Verse 12
Then came the disciples, and said unto him, Knowest thou that the Pharisees were offended, when they heard this saying? But he answered and said, Every, plant which my heavenly Father planted not, shall be rooted up.
There is a suspicion that the disciples themselves may have had some sympathy for the Jewish teaching on meats. Long afterward, Peter was able to say, "I have never eaten anything common or unclean" (Acts 10:14). They had not learned the lesson in this place yet, but they would learn eventually. They seem to be taking the Pharisees' part, ever so mildly, in this gentle remonstrance. Christ's magnificent reply showed that the Pharisees were not merely wrong, but totally so, that they would be plucked up, and that they were blind leaders of the blind, destined for the ditch.

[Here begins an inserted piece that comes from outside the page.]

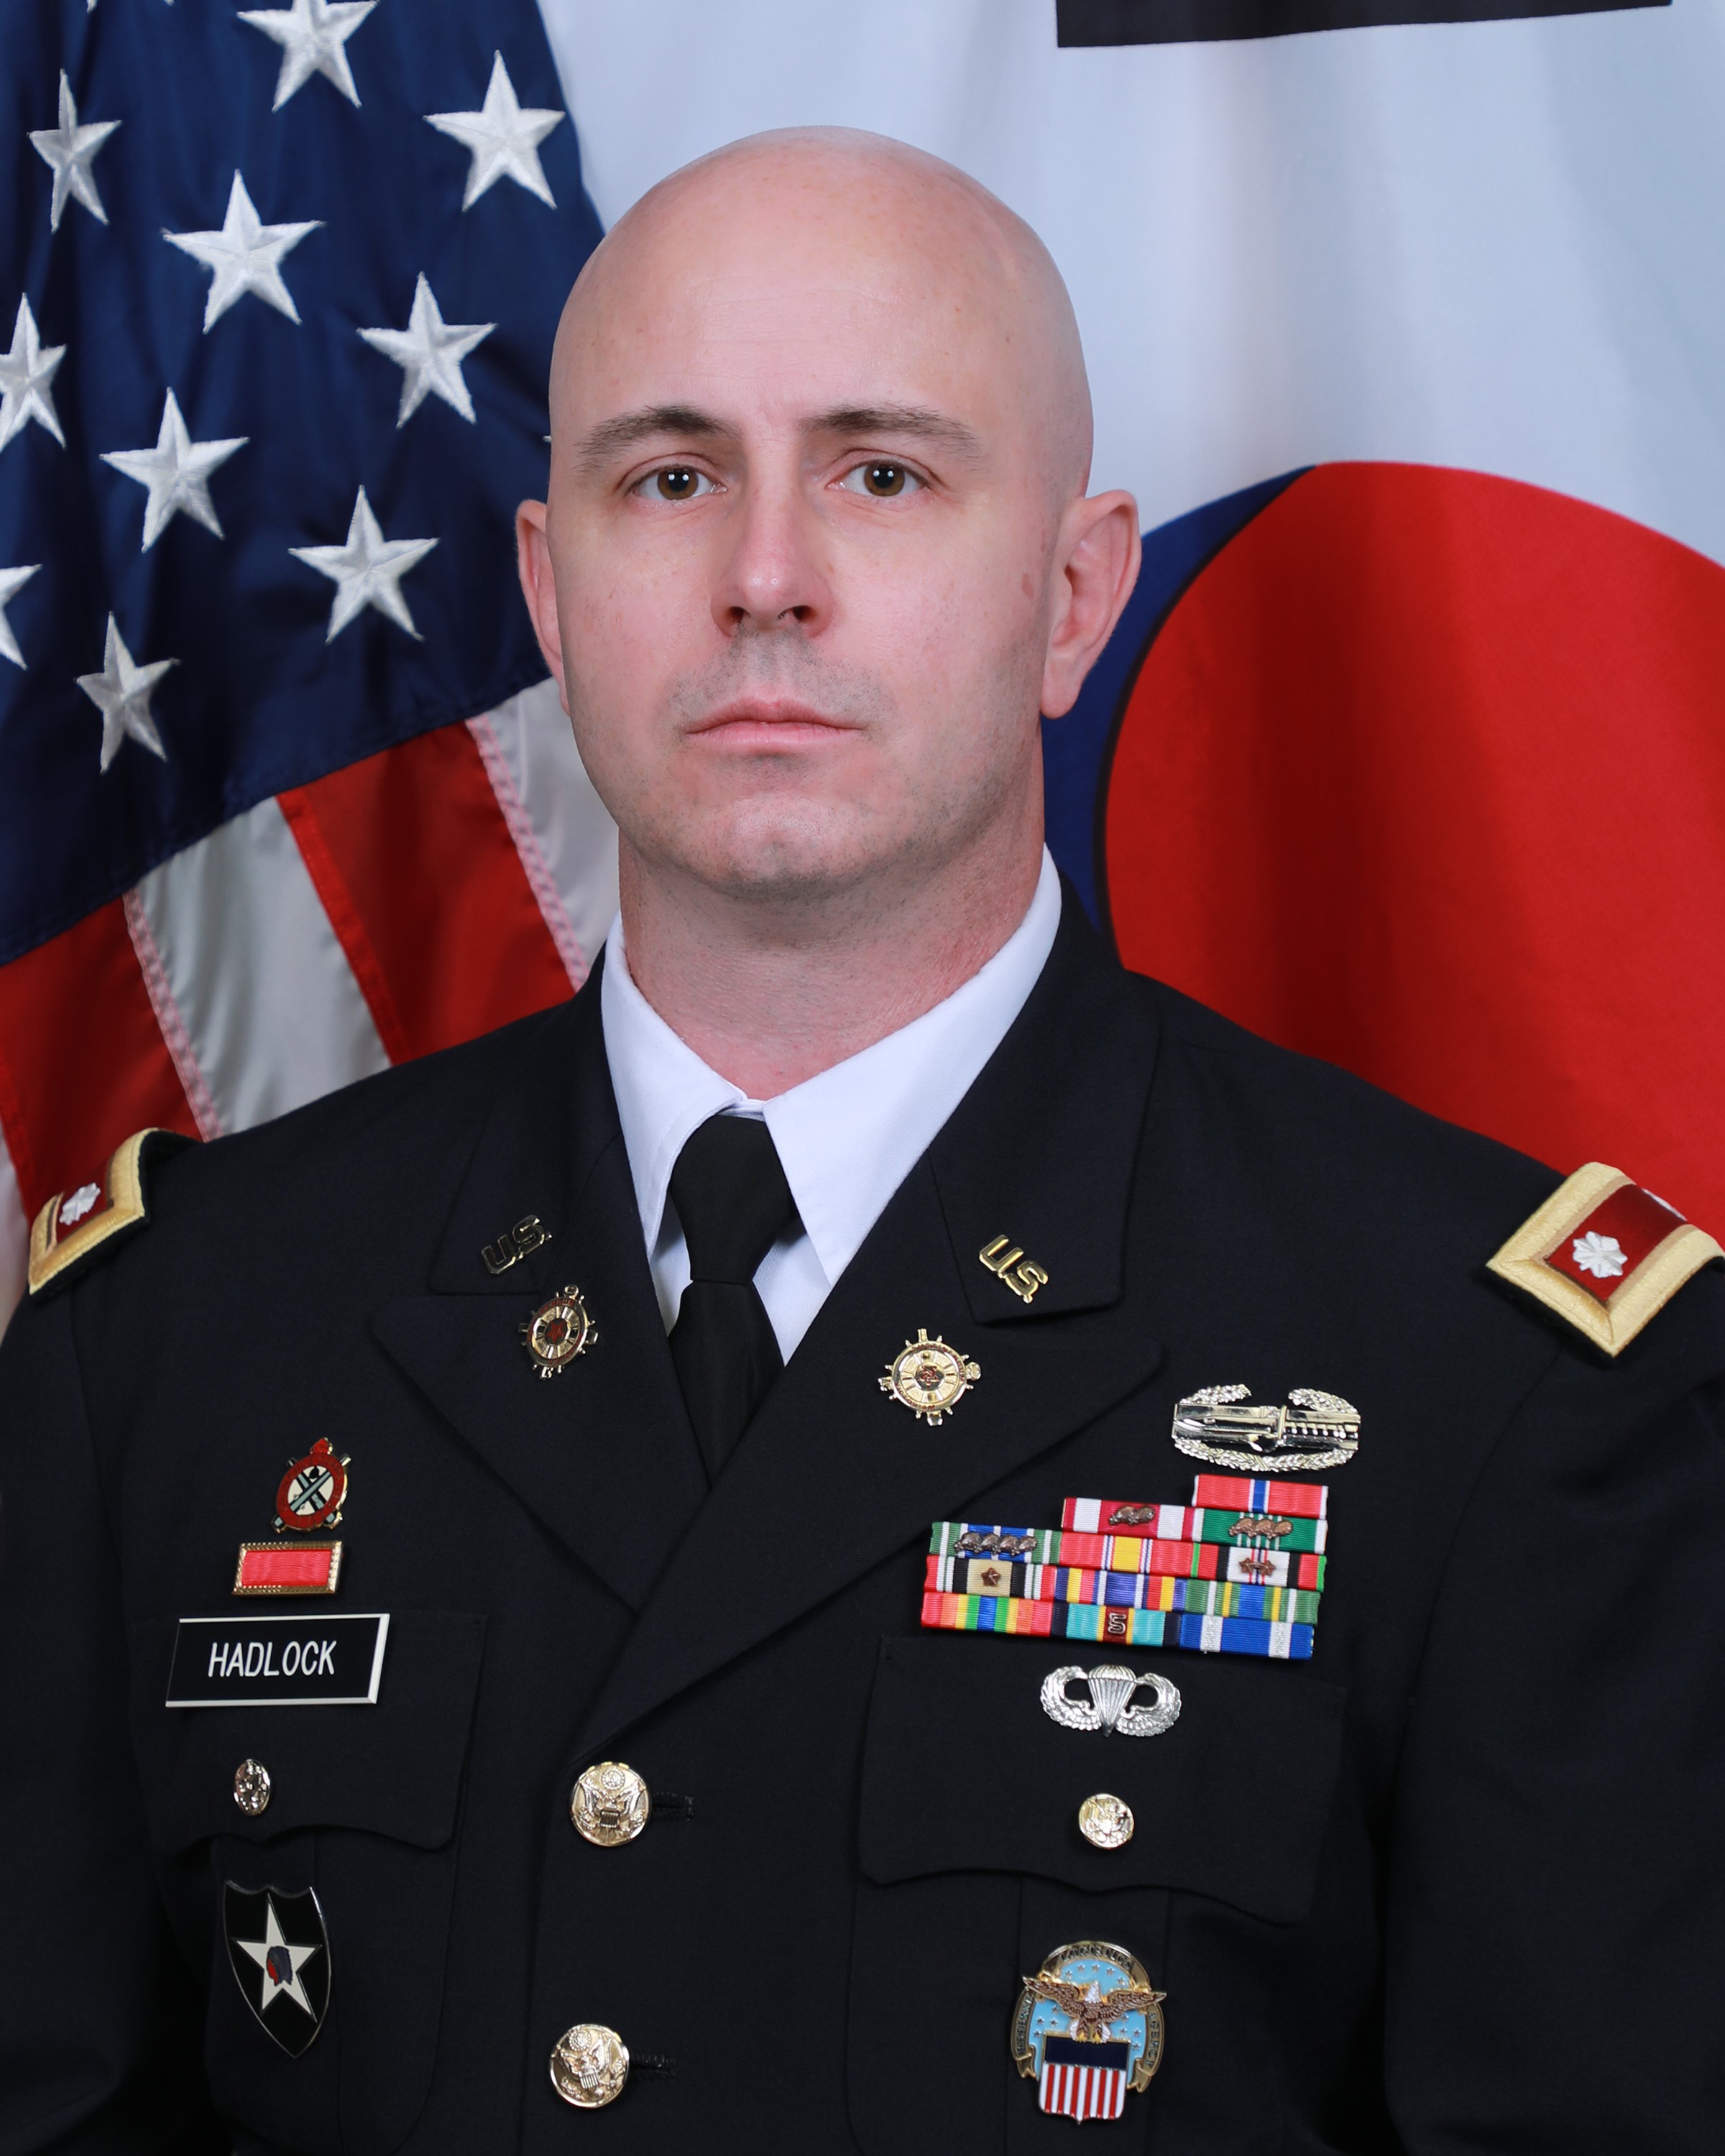 Nathan L. Hadlock, LTC, USA, Commander

Jesus' reply concerning the plant which the heavenly Father had not planted has an immense amount of application. It is true of all evil, of every rebellious thought, and of every institution that rises in time and by time is destroyed. In its context, the "rooting up" applies to: (1) evil men, the Pharisees in this case. Cyprian spoke of excommunicating "the crafty impostor" that he may seek again the church, "from which by divine authority he deserved to be expelled,"[6] attributing the basis of excommunication upon the words of Christ in this Matthew 15:13. (2) It applies to doctrines, teachings, and practices founded in human precepts, rather than in the word of God.